The partial differential equations of elasticity theory or (electro)hydrodynamics lead to macroscopic descriptions of solids and fluids. The corresponding materials constants are typically spatial average values or correlation functions of microscopic quantities.

In the case of electrolyte solutions, e.g. contaminated insulator oils or battery fluids, the Poisson-Nernst-Planck theory provides a mesoscopic description of the dynamics. This provides access to quantities such as the DC-conductivity or the impedance so that macroscopic RC models are dispensable.

A microscopic description of the spatial structure of non-uniform liquids on the length scale of molecular diameters is possible using classical density functional theory (DFT), within which, in partiular, short-range intermolecular interactions can be taken into account. This description on molecular length scales requires technically complex nonlinear integral equations, the solution of  methods for which we have many years of experience in.

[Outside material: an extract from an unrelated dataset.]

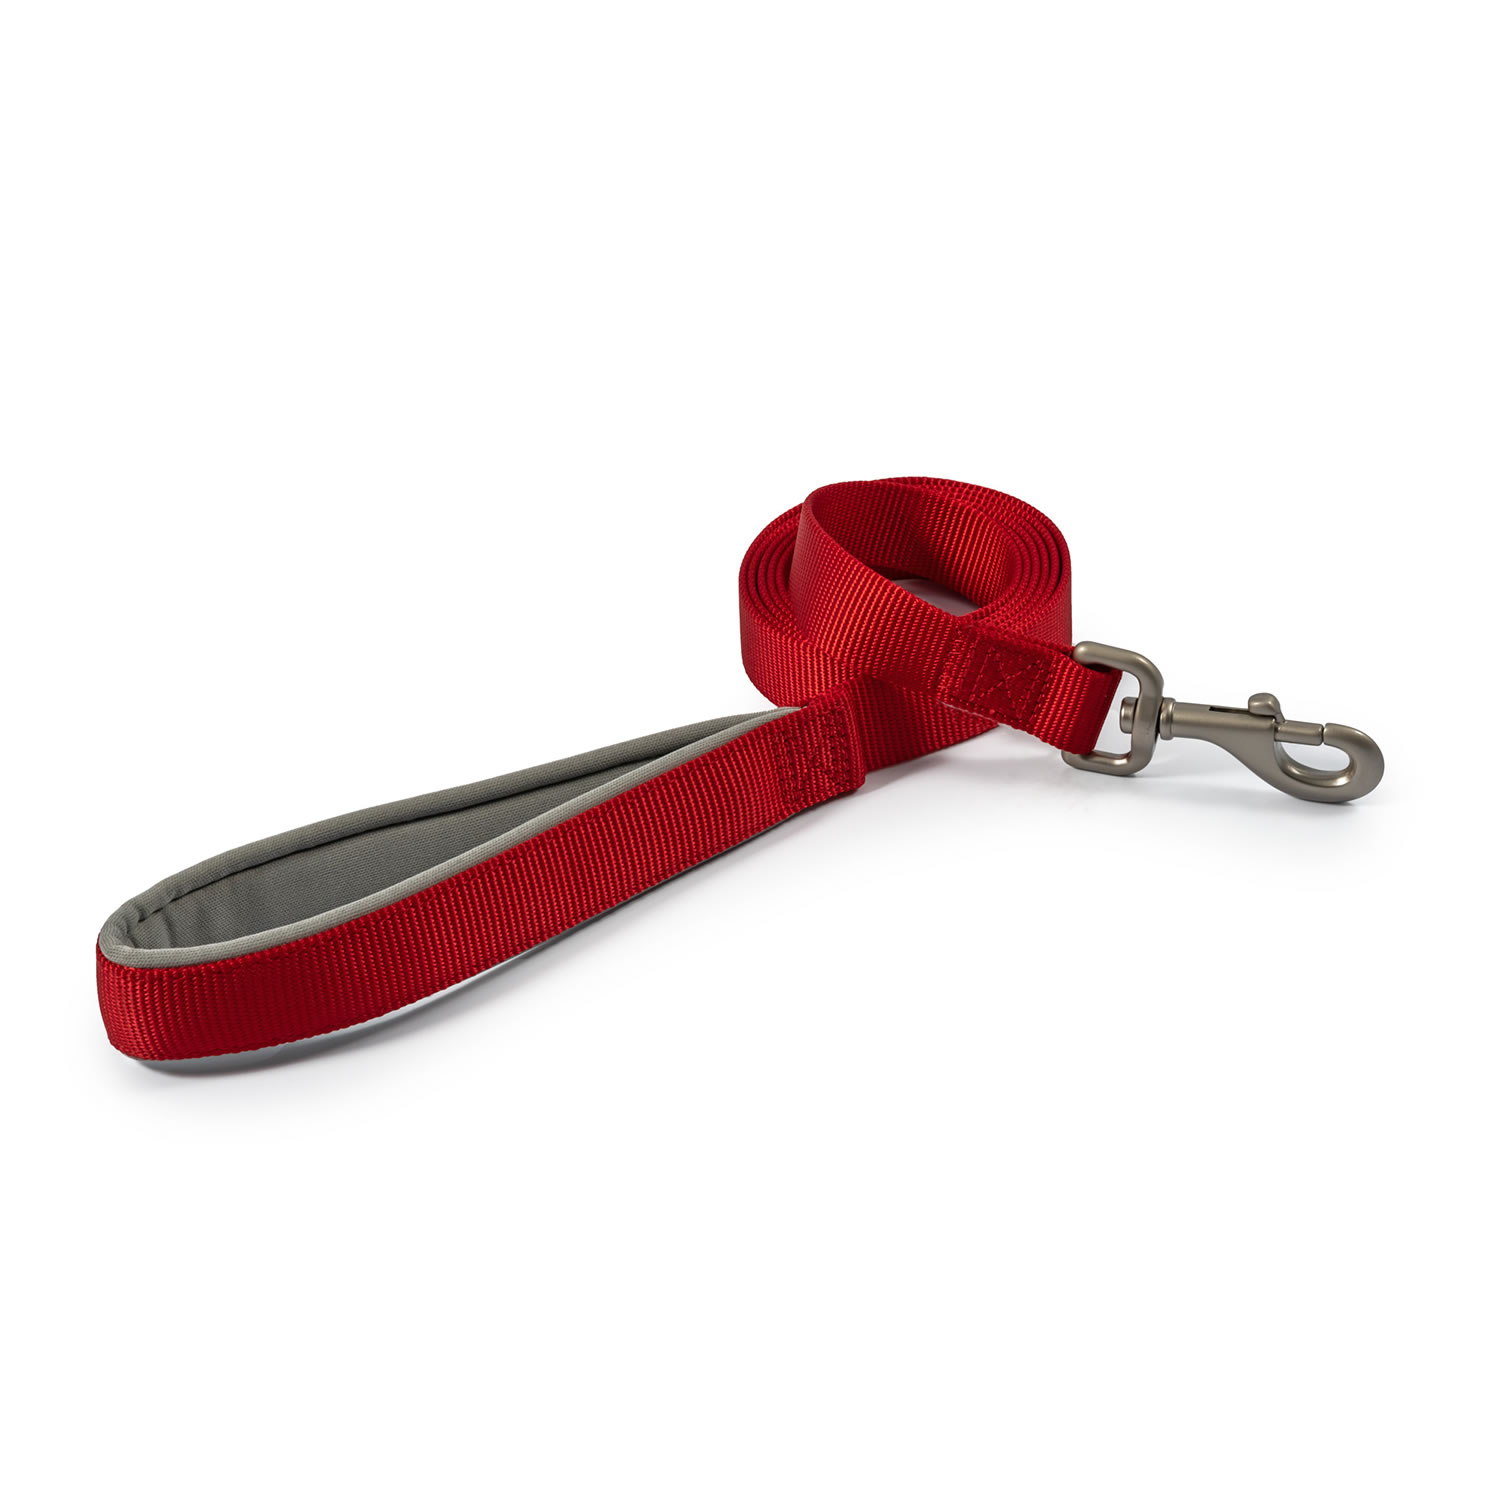 ANCOL VIVA PADDED LEAD ANCOL VIVA PADDED LEAD 1.8 M X 25 MM RED 1.8 M X 25 MM
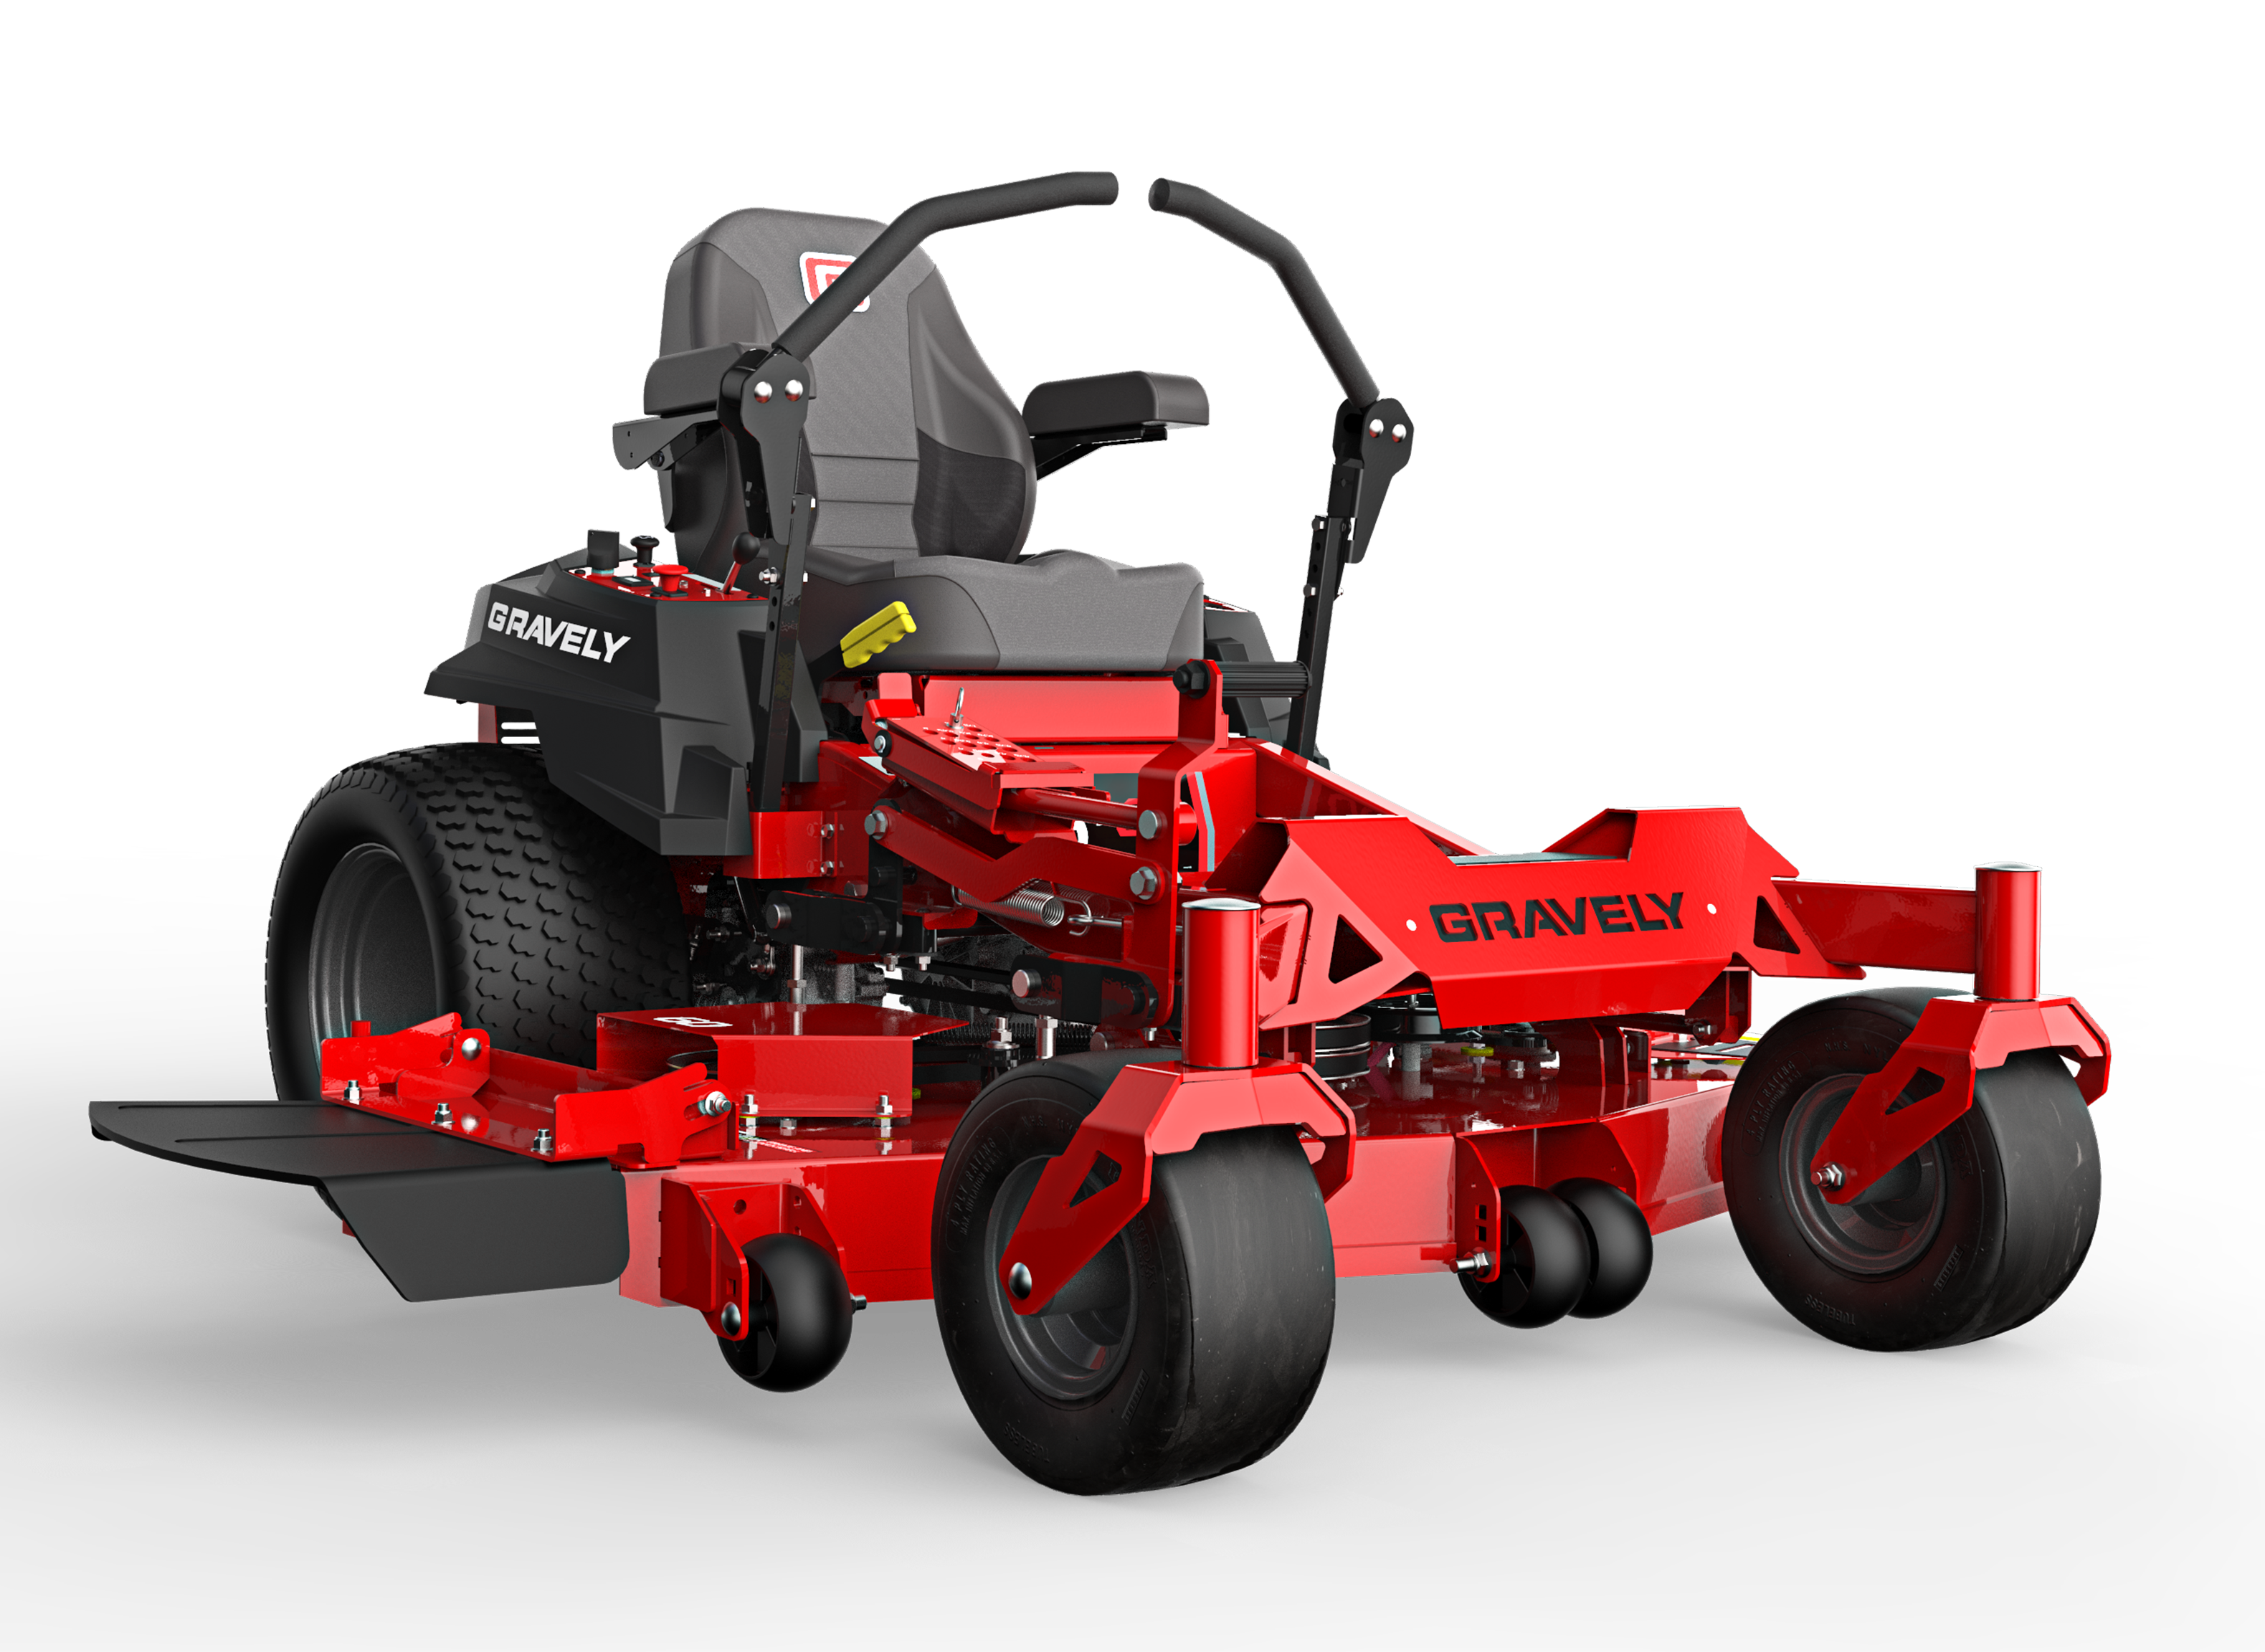 Gravely ZT HD 48 991152 Lawn Mower & Tractor Review - Consumer Reports

Chemical reactions, such as redox reactions at metal-fluid interfaces or dissociation reactions, are modeled in the working group by using quantum mechanical density functional theory (DFT), which can resolve the molecular structure on atomic length scales. This allows for the calculation of reaction rates and reaction paths, even under the influence of external E-fields.

Projects

First global modeling of the conductivity behavior of transformer oils from the molecule to the current curve

The properties of application-relevant material systems are often characterized by an interaction of processes on different length scales. For example, if the Joule heat from high-voltage transformers (dimensions 0.1-10 m) is to be dissipated using insulating oil, the latter is usually separated from the metal of the transformer windings using insulating paper (thickness 10-100 µm). The electric field present in the pores of the insulating paper (diameter 10-100 nm) leads to various molecular processes (chemical bond length 100 pm) such as redox reactions, field-enhanced dissociation and electrical breakdown. The correct functioning of the transformer is determined, among other things, by the quality of the oil, whose insulating properties can decrease over time due to the molecular processes mentioned.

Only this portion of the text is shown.